短編版 夢見少女は理不尽な未来を回避したい 〜テンセイ?とやらはわかりませんが使えるものはなんでも使って未来を変えて見せます!〜

作者: 夏未 零

初めての投稿となります。

楽しんで頂けますと幸いです。

 幻獣と共存する世界レーツェルム。


 レーツェルムでは国ごとの気候や立地により契約幻獣が偏ることが大半の中、世界の中心であり全ての属性契約者がバランスよく住まう国、バンデルムの王族である双子の王子とその二つ下の妹姫の婚約者と側近を探すお茶会が開かれていた。


 常に人の手が入っているのであろう緑豊かな庭園、美しく飾られたお菓子や食べ物が並ぶテーブル、色とりどりのドレスと、ドレスに囲まれた人物を尻目に一口サイズのスイーツを手に取る。
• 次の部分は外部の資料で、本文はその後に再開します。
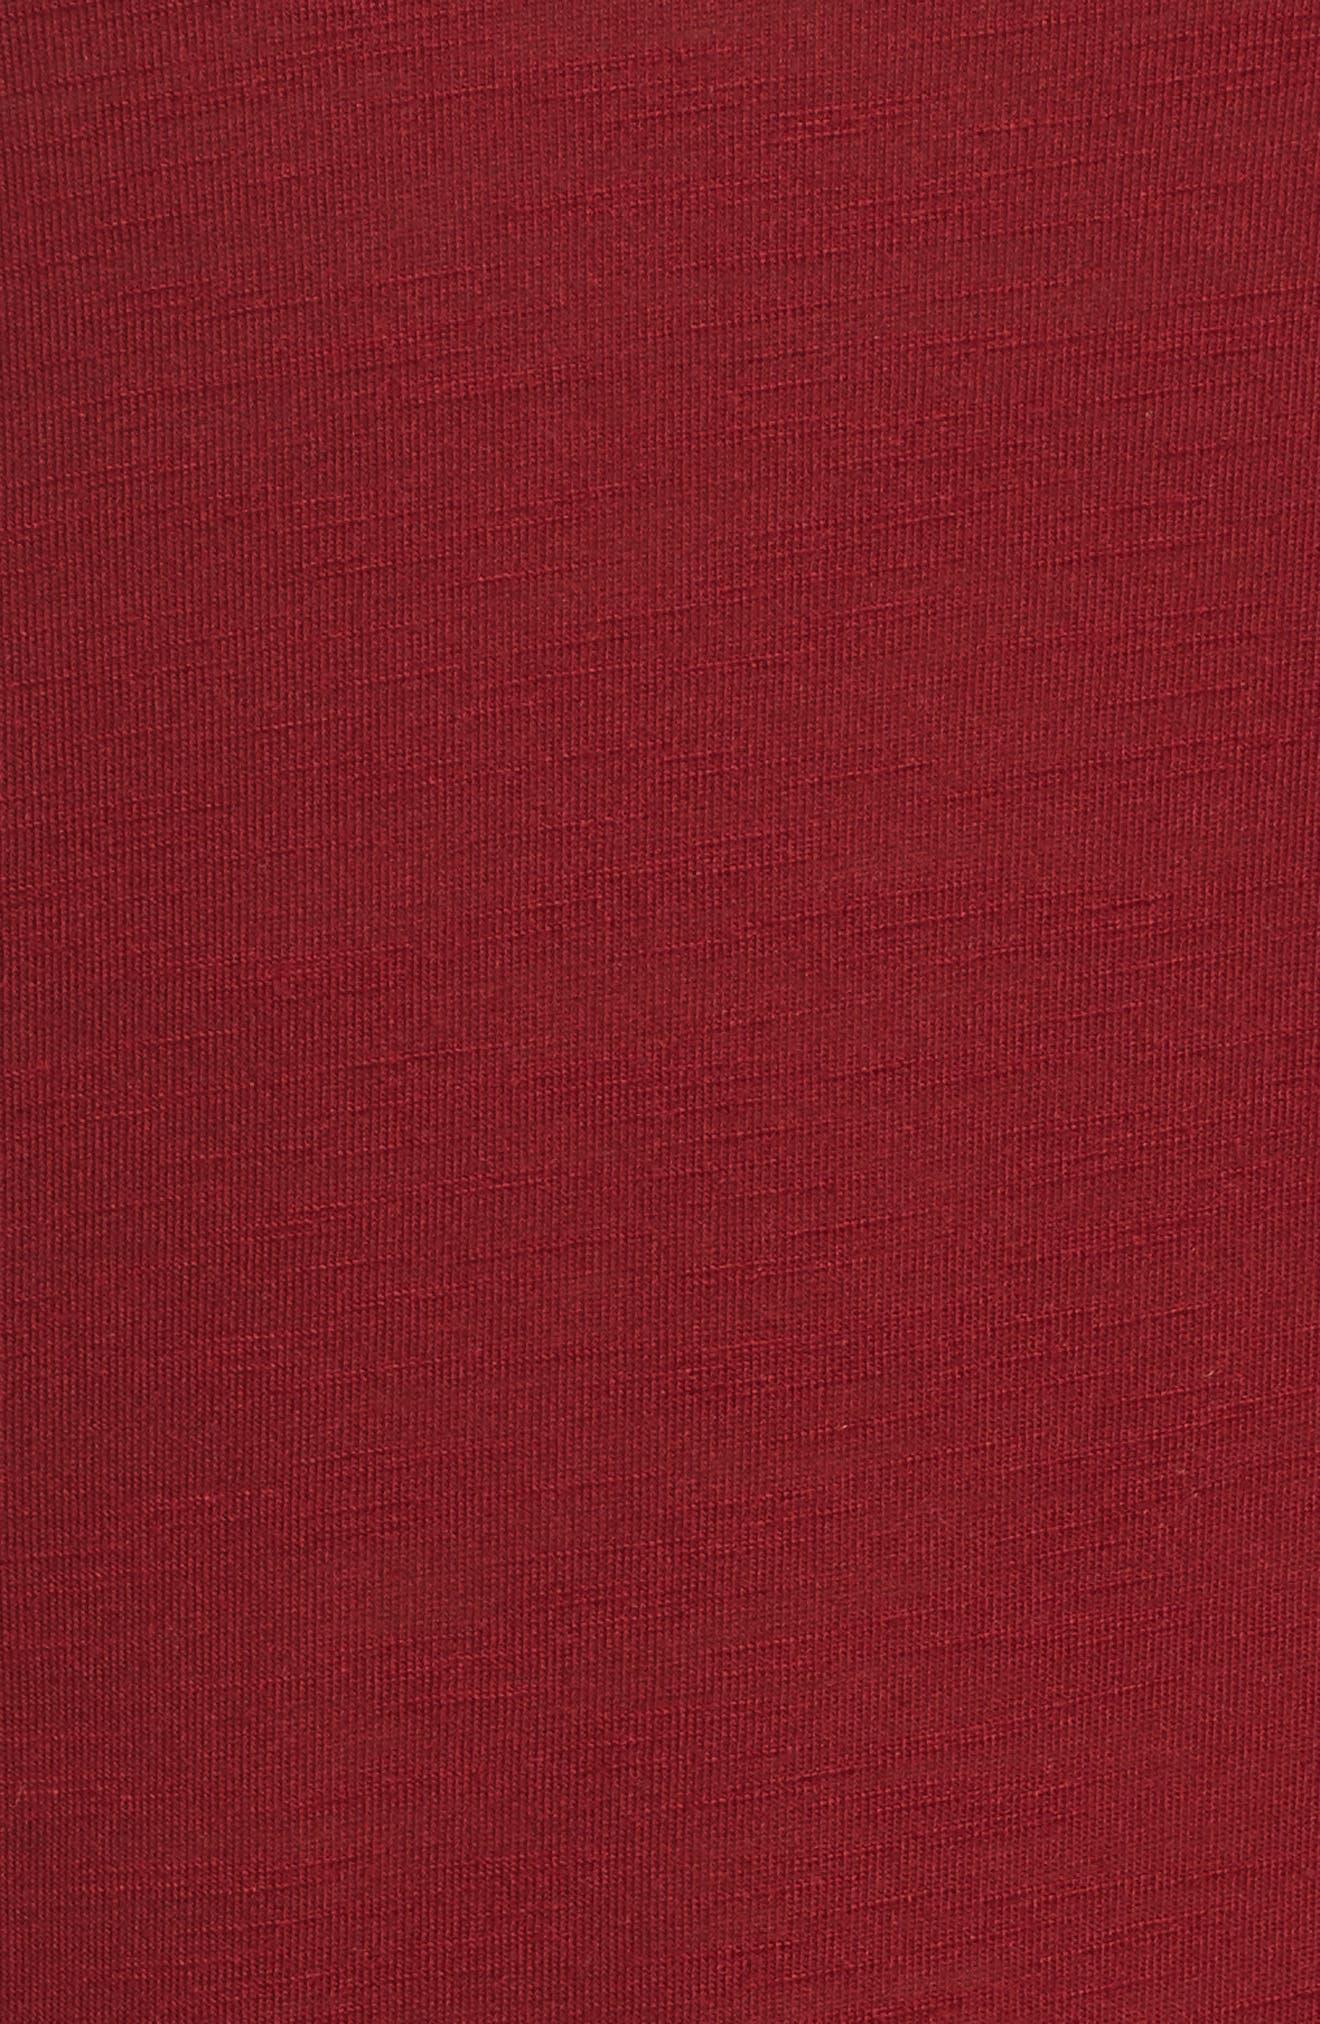 Originals Long Sleeve Tee,                             Alternate thumbnail 6, color,                             Collegiate Burgundy

「はぁ....食べ物は美味しいけどドレスの色が多すぎて目がチカチカする...。皆王子様たちに群がってるから話しかけられそうな子もいないし...やっぱり夢の通りかぁ。」

 


 正直ここに来ることは乗り気ではなかったが父に貴族としての「義務」だと言われてしまえば仕方ない....というのも建前で大公である父が言った



「美味しいお菓子があるし同年代の子どもも集まるからお友達ができるかもしれないよ?ライラはお友達を欲しがっていただろう?」



 という言葉に乗っかったことにライラは早速後悔していた。


 この色気より食い気な少女はライラ・リュミエール。

 バンデルムの貴族の中でも光属性の幻獣との契約者を多く輩出している大公家の長女だ。


 王家主催のお茶会となれば警備上最も安全で、初めて参加するのにうってつけな上食事も豪華なため食べるのが好きな自分にとっては良いと思ったのだ...。他にも目的はあったし...。
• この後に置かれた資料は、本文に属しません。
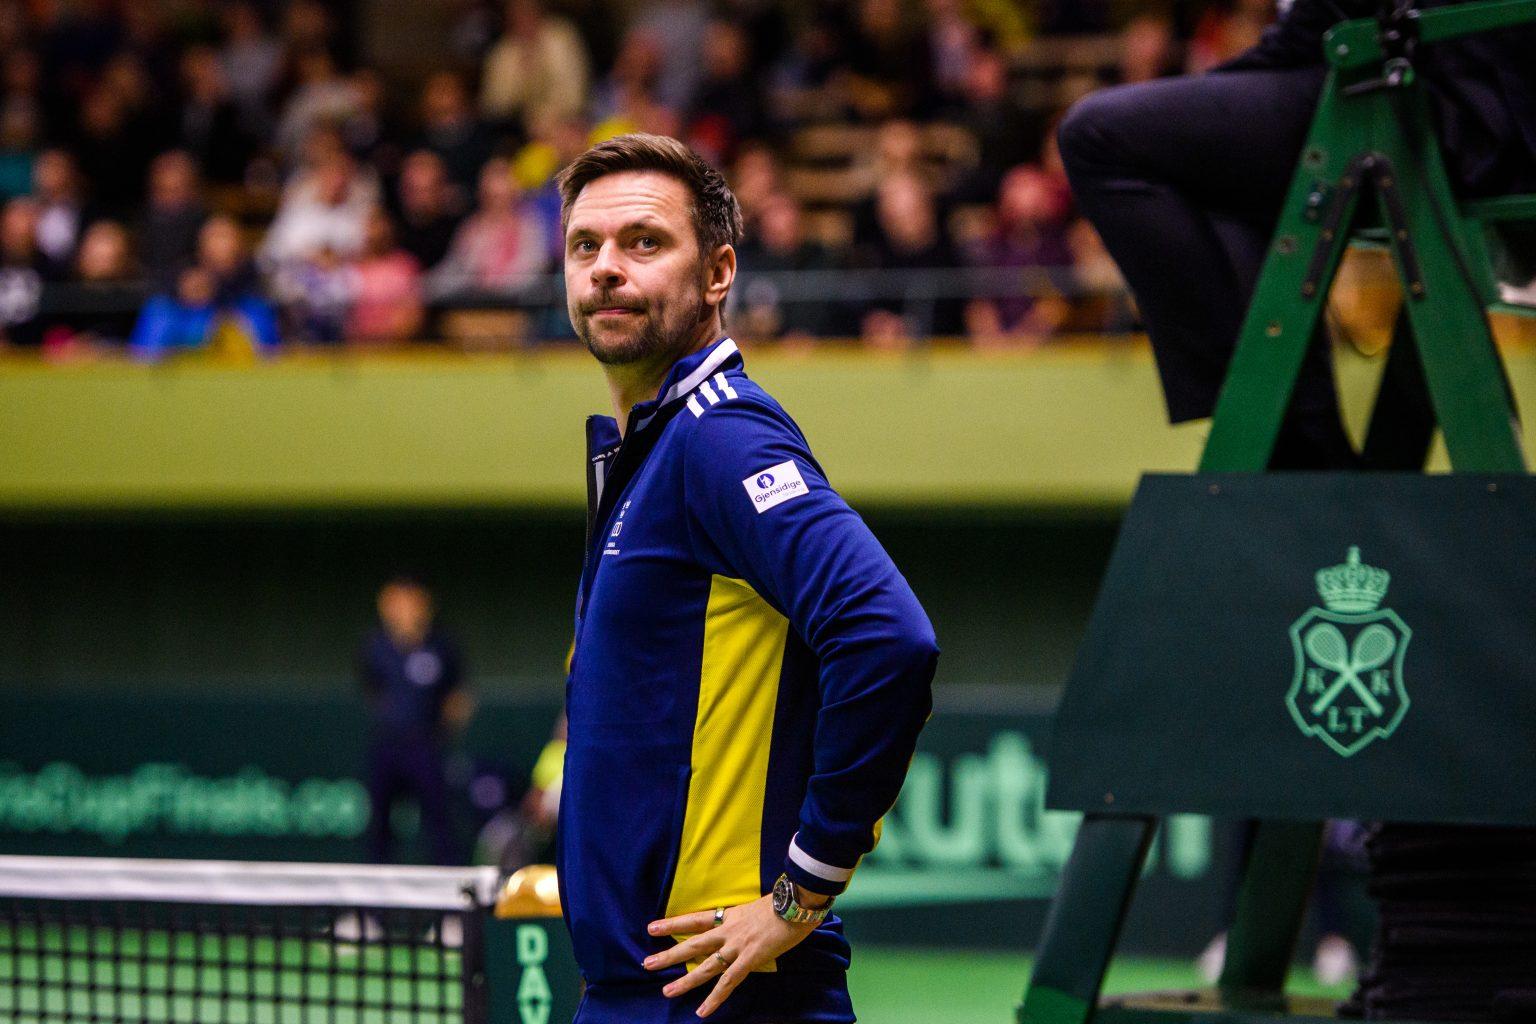 Davis Cup 2021 Live

 さらには自分はこの未来(いま)を知っているのだから。





 ライラには夢で自分や自分と関わる人間の未来を見ることができるという力があった。

この力はお茶会の一年前、ライラがまだ6歳の頃、幻獣契約についてまだあまり知らなかった時に偶然出会って仲良くなった幻獣と契約した際に手に入れたものだ。


 幻獣契約は通常10歳までに行われる。


親和性が高ければ8歳ごろから、遅くとも10歳には召喚の儀を行い、幼いうちから幻獣の力を体に馴染ませる。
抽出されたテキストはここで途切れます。